Tuesday, April 3, 2012

A bilateral frontoparietal network underlies visuospatial analogical reasoning

Continuing my revival of this paper a day blog, today I'm summarizing this extremely well written paper by Christine Watson and Anjan Chatterjee at U Penn.  They investigate the difference in regions activated during analogical reasoning, and a similar control task which did not involve relational integration.  Analogy trials required participants to select the answers which contained the same pattern of spatial relations as the source, and the correct answers for item trials contained the same items as the source in any order.
Fig. 1. Stimuli from the analogy and item tasks. A) An analogy trial on which the critical relations between source and correct answer are between shapes. B) An analogy trial on which the critical relations between source and correct answer are between colors. C) An item trial on which the correct answer and foil differ only in shape. D) An item trial on which the correct answer and foil differ only in color.
This control task (the item trials) is particularly important.  A major challenge we face when investigating analogical reasoning is the fact that analogy questions tend to be harder than the control task questions.  In this case item trials were matched for accuracy and even took slightly longer to answer than the analogy trials.  The researchers covered this difference by running analyses both with and without response time as a covariate of no interest.  It made no difference to the results.

And what were the results?  In their whole brain analysis, the only found right inferior frontal gyrus (IFG) activated more for analogy than item trials.  In their region of interest analysis, they showed the same difference in activation for bilateral rostrolateral prefrontal cortex (RLPFC, an area associated with relational integration), bilateral IFG and bilateral inferior parietal cortex. (I would have liked to see middle frontal gyrus tested to see if there was a difference in working memory load.)
Fig. 3. A) Whole-brain activation map for regions that responded more strongly in the analogy task compared to the item task.
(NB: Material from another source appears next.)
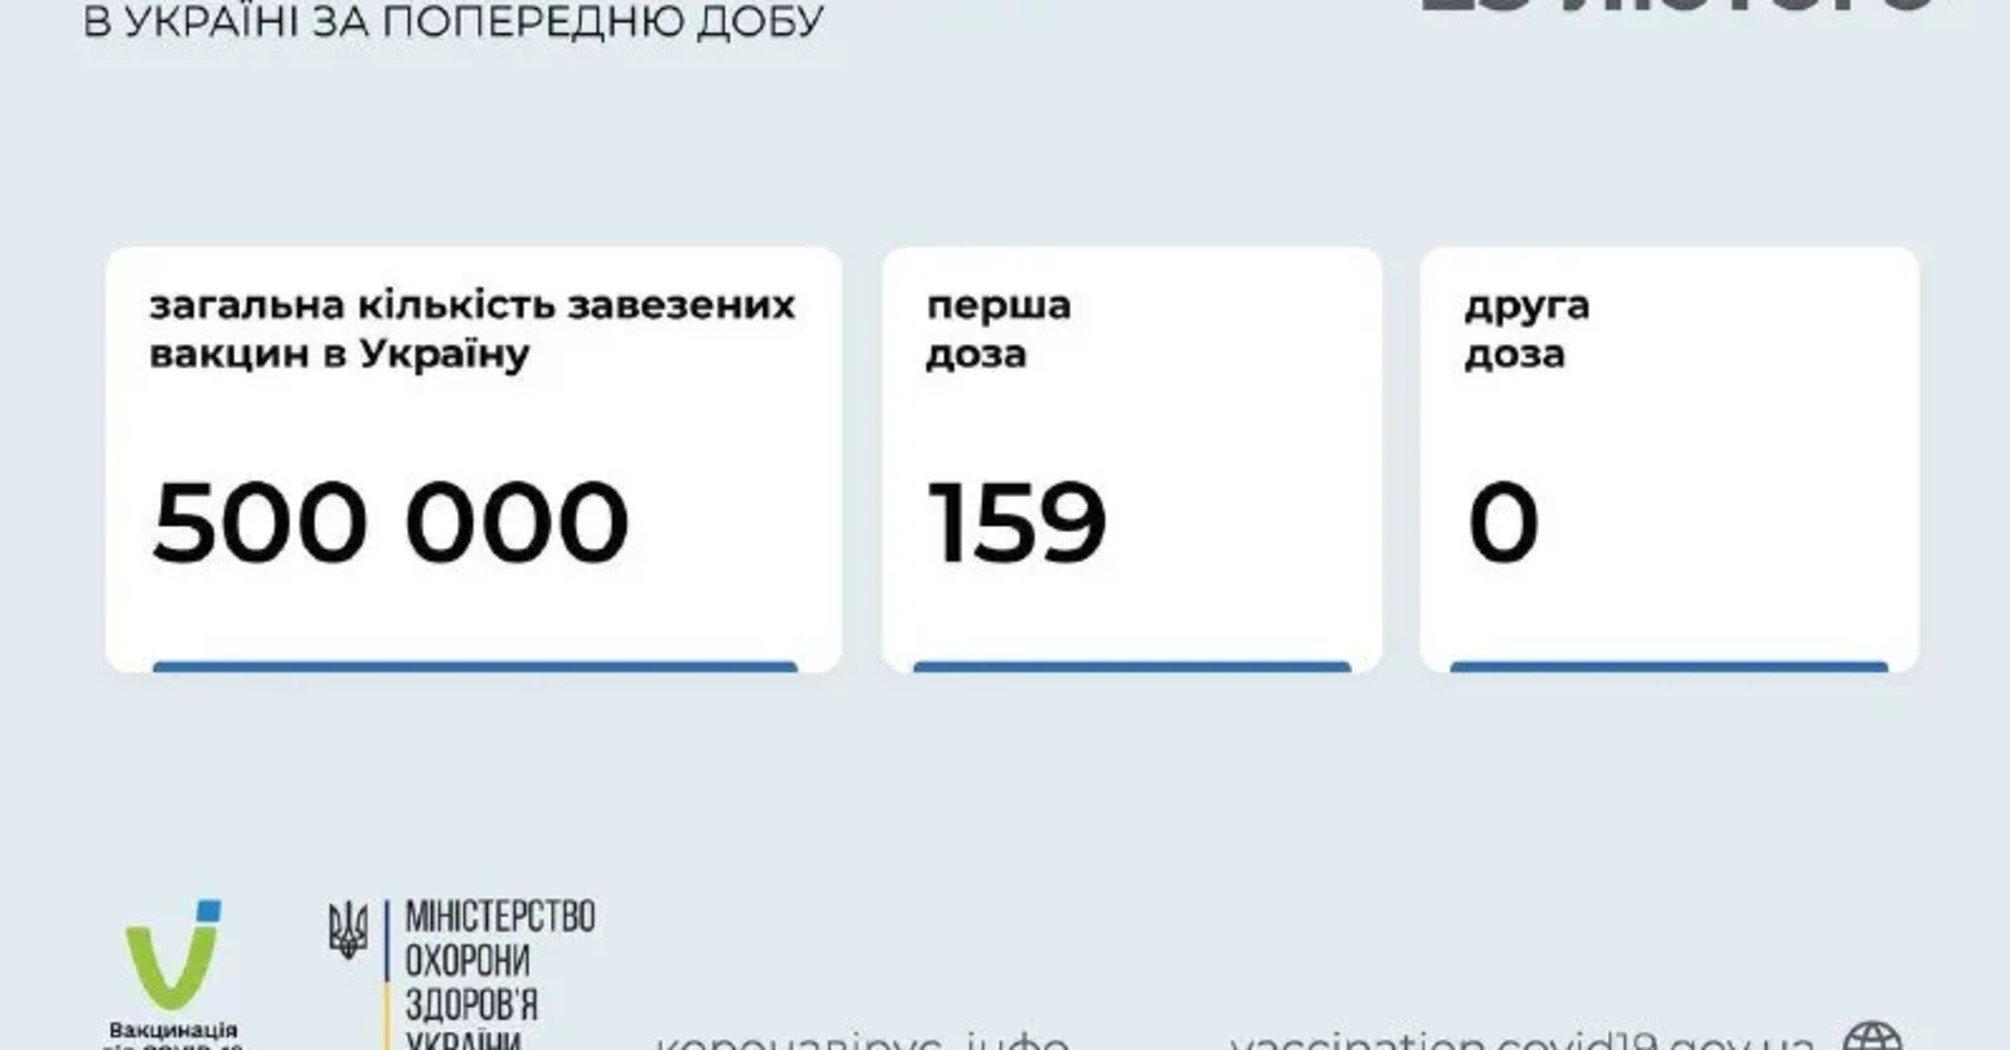 В Минздраве сообщили, сколько прививок сделали в первый день

Map has been thresholded at α = .05 (t = 4.22) corrected for multiple comparisons with at least 20 contiguous voxels. B) Right and left empirically-defined RLPFC ROIs for analogy > item contrast, both ps < .05. Although ROI statistics were computed on average activity, voxel-wise activation is depicted here at a level of p < .05 (uncorrected). The extent of the ROI is shown in green. C) Right and left IFG ROIs for analogy > item contrast, both ps < .05. D) Right and left inferior parietal ROIs for analogy > item contrast, both ps < .05.
A quick side note here: I'm not sure how I feel about the visualization of these results. They compute the data across entire regions of interest, but show uncorrected maps in B, C and D at a very liberal threshold of p < 0.05.  To be honest, even though I'm not super supportive of publishing uncorrected results, the paper is very clear as to you're seeing in this visualization, and their statistics are perfectly reasonable.  And it is nice to see the activation within the ROIS.

The only real criticism I have of this paper is the fact that the abstract focus on RLPFC, when really their results are most compelling in IFG and they do not demonstrate any specificity within RLPFC: it shows the same result as IFG and inferior parietal!  But, hey, there is a lot of literature supporting the hypothesis that RLPFC is involved, and they do successfully demonstrate its recruitment more on a relational integration task than an equally difficult task.  Nice work :)
Watson CE, Chatterjee A.
Neuroimage. 2012 Feb 1;59(3):2831-8. Epub 2011 Sep 29.